The fastest way to understand AIDEN is to complete one full loop:

  1. Create or import a project.
  2. Create a story.
  3. Turn that story into a spec.
  4. Start work in the story workspace.
  5. Review the result and move the board forward.

If you do that once, the rest of the product becomes much more intuitive.


Step 1 — Create a project

Start by creating a project from one of three common paths:

  • New project — for something you want to start from scratch
  • From repository — for an existing GitHub repo
  • From folder — for a codebase already on your machine

A project is the top-level home for your stories, context, chats, and Git-aware work.

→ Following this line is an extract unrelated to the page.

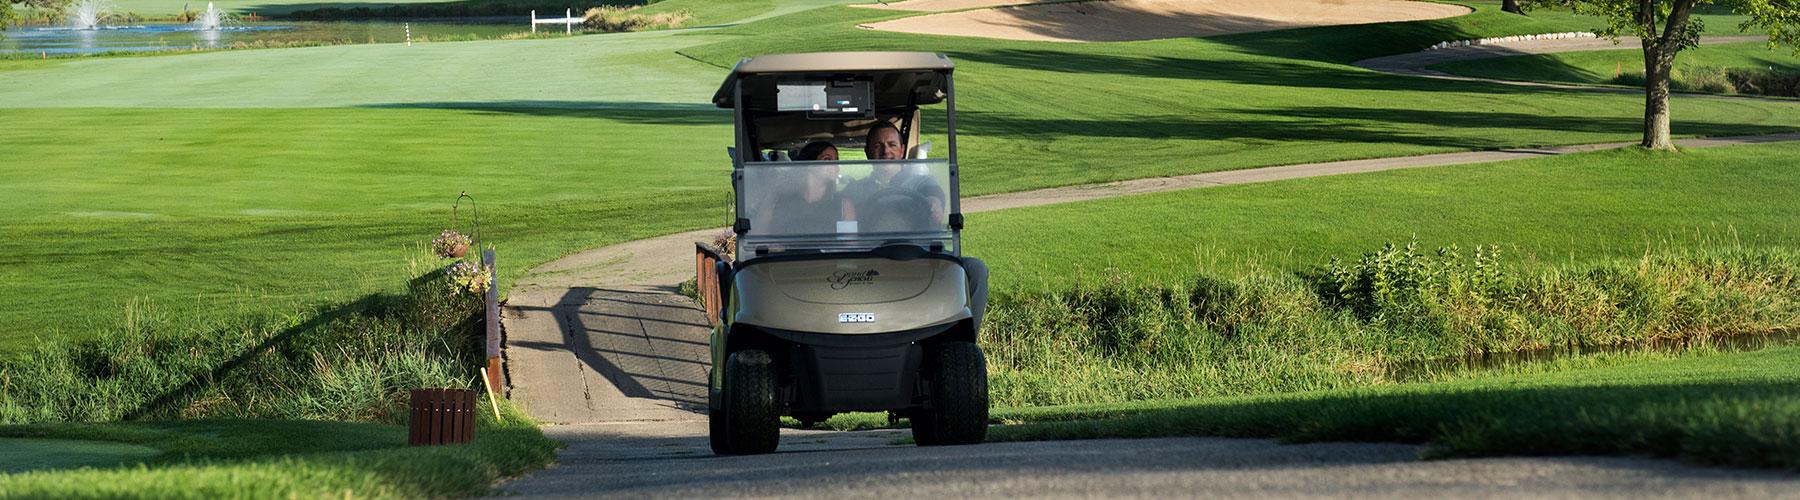 Golf Cart Crew

Step 2 — Understand the board

Once the project exists, go to the board.

The board is where AIDEN stops feeling like a generic AI tool and starts feeling like an operating system for real work.

Typical states include:

  • Backlog
  • Plan
  • In Progress
  • Review
  • Done

Use the board to decide what needs clarification, what is active now, and what is truly complete.


Step 3 — Create a strong first story

A story is the main unit of work in AIDEN.

A good first story is:

  • specific
  • meaningful
  • small enough to finish
  • clear enough to review later

A weak story is broad and vague. A strong story gives AIDEN something concrete to plan and execute.

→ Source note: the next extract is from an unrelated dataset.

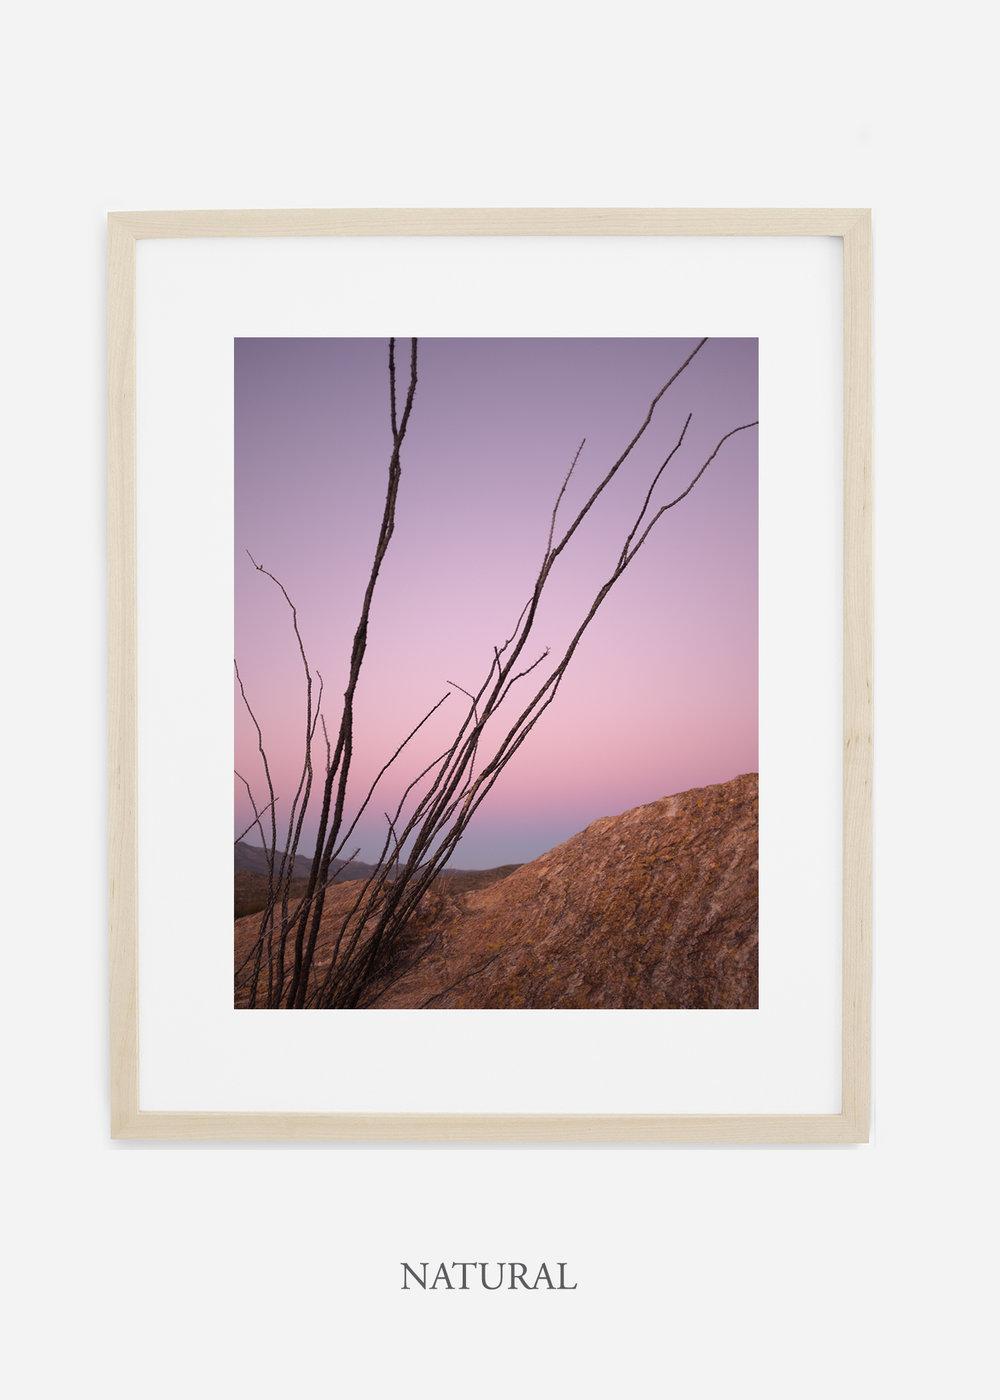 naturalframe-saguaroNo.12-wildercalifornia-art-wallart-cactusprint-homedecor-prints-arizona-botanical-artwork-interiordesign.jpg
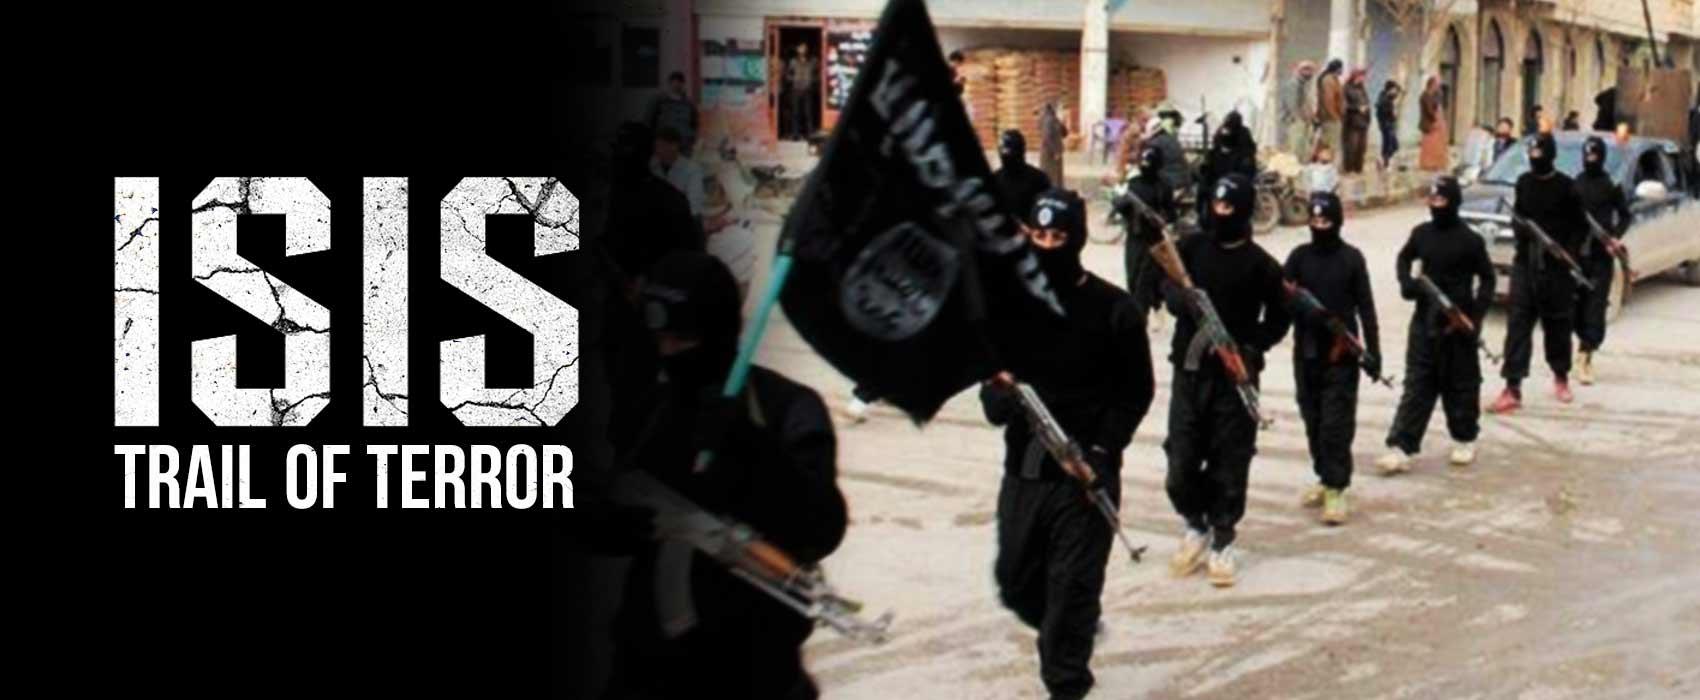 ISIS-marathipizza01

Step 4 — Plan before you build

This is one of the most important habits in AIDEN.

Do not jump straight into implementation. Move the story into planning and turn it into a real spec.

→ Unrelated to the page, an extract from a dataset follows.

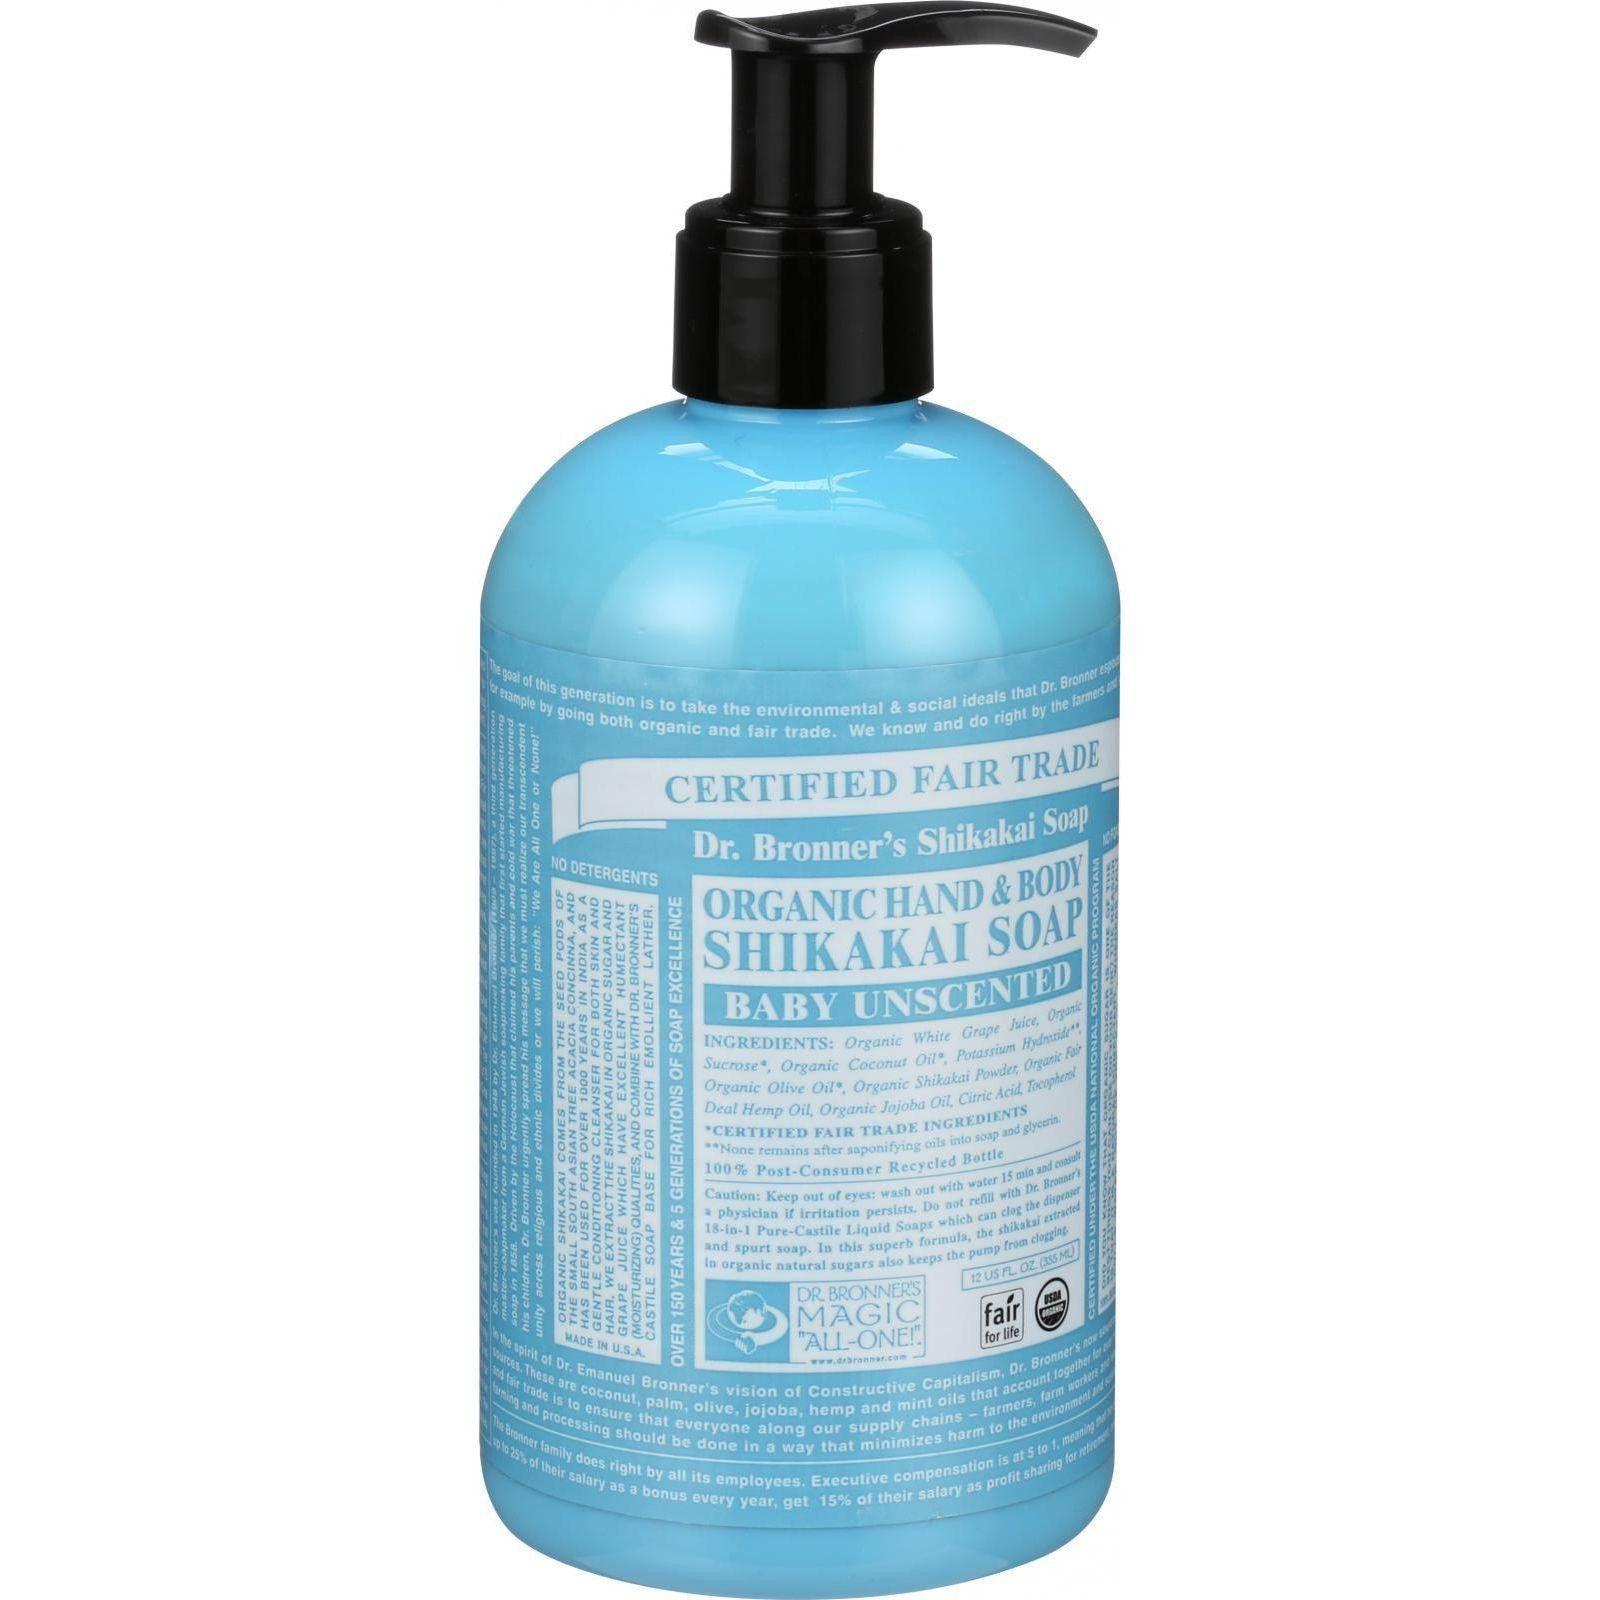 Dr. Bronner's Fair Trade And Organic Shikakai Soap Hand

A good spec usually clarifies:

  • what you are building
  • why it matters
  • what is in scope
  • what is out of scope
  • what success looks like
  • what edge cases matter

The clearer the target, the better the execution.


Step 5 — Work inside the story workspace

Once the story is ready, open the story workspace.

This is where execution happens. Depending on your setup, it can include:

  • the story spec
  • story chat
  • browser
  • terminal
  • notes
  • files
  • Git context

This is one of the most important product surfaces because it keeps planning and execution in the same environment.


Step 6 — Use agents when they actually help

You do not need a swarm on day one.

A good rule is:

  • use the main story chat for focused implementation
  • use a custom agent when a specialist role makes sense
  • keep delegation deliberate instead of adding coordination noise too early

The goal is not more motion. The goal is better work.


Step 7 — Review honestly

Before a story is done, compare the result against the spec.

Ask:

  • Did we meet the acceptance criteria?
  • What still feels risky?
  • What should be checked manually?
  • Is the story actually complete?

Then move it to review, and only mark it done when it really deserves it.


Common beginner mistakes

Treating AIDEN like a prompt bucket

If you ignore the project, story, and spec structure, you lose most of the value.

Writing stories that are too broad

Big vague stories create messy outputs.

Skipping planning

Fast at first, expensive later.

Adding agent complexity too early

Extra coordination only helps when each worker owns a clear piece.